「贺骁破了程俞的咒术?并且还破得干净彻底,否则程俞不会遭反噬吐血。」白都使转了转茶盏,「怎么破的?」
樊胜摇头:「不清楚。」「程俞何人,你知道么?」
樊胜老实道:「曾有耳闻,不甚清楚。」
「他的秘术,连邙国国君都能咒死。这个贺骁被暗算还能反制他,段位很高啊。「白都使沉吟,「才十七岁,嗯,太年轻了。」
「这样的人,你还想在荷宫跟他打赌?」一说起那场战斗,樊胜就尴尬:「他跟那头老虎联手,都没打过我。我以为进了荷宫以后,准能打败他。

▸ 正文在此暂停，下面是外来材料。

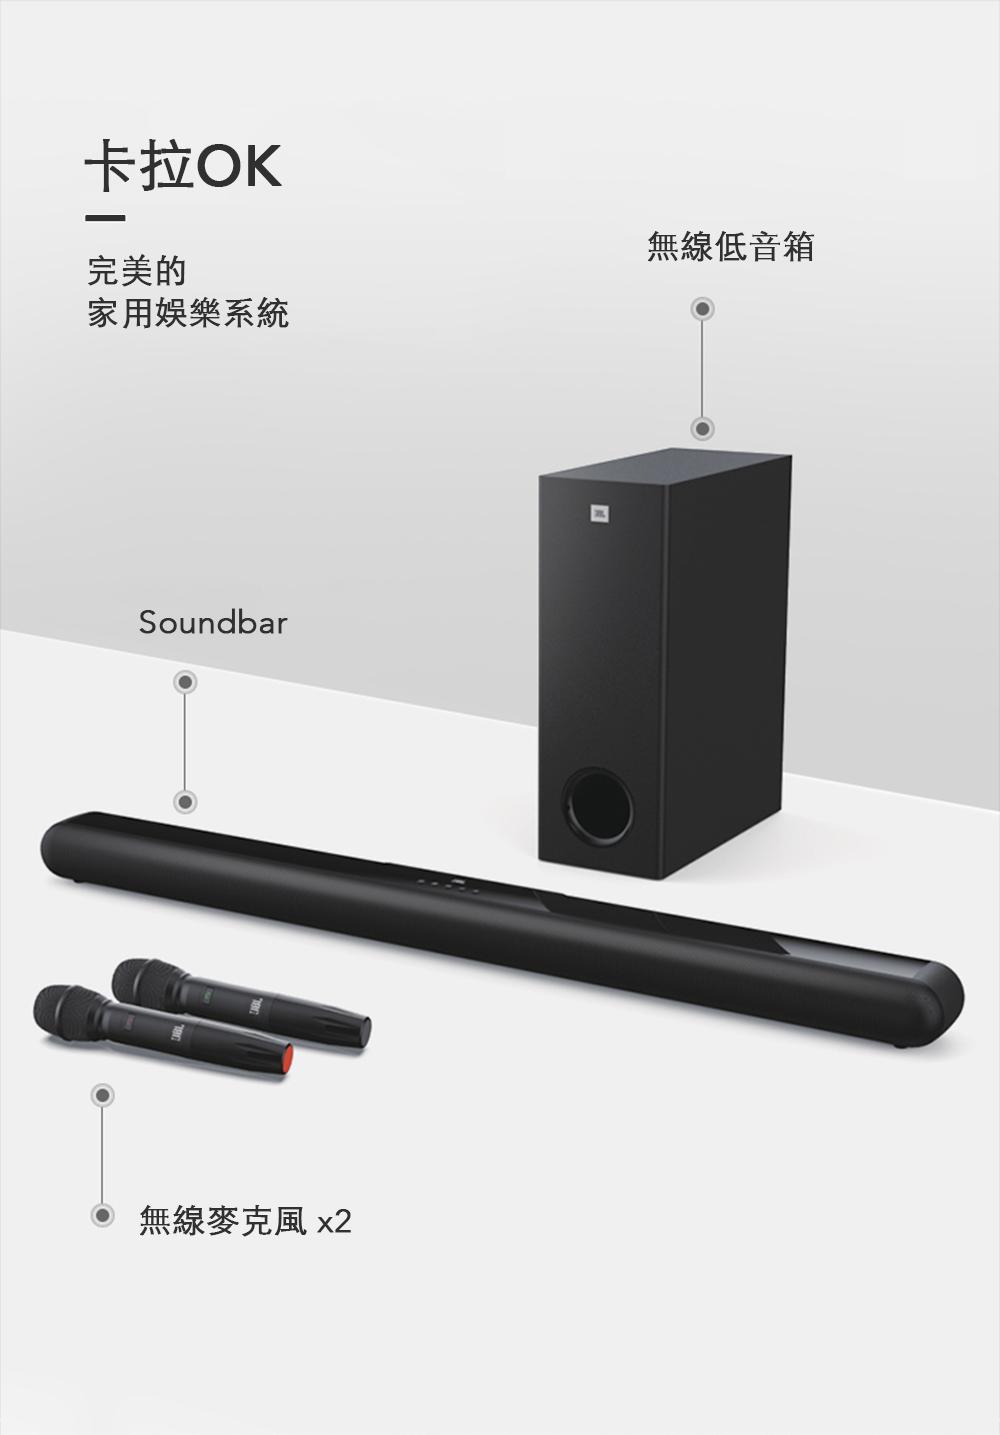 JBL-CINEMA-KTV350-Catalogue-(繁體中文)3.png

」
「然而没有。」白都使知道樊胜并非真是个不知进退、不谙敌我强弱的人,否则就算有兄长照拂,也不可能在同心卫长久地干下去。他正色道,「你偷袭起手,反而被他击败。我要你仔细回想荷宫中的战斗,他做的准备是不是比你充分?」
樊胜一直在反复揣摩那场战斗,这时也不需要再复盘就点头:「是!」
「现在想来,他在荷宫中的章法超过了前几天的客栈遭遇战。"樊胜犹豫一下仍道,「也可能是因为,我在客栈没下死手,他也没拿出压箱底的本事。」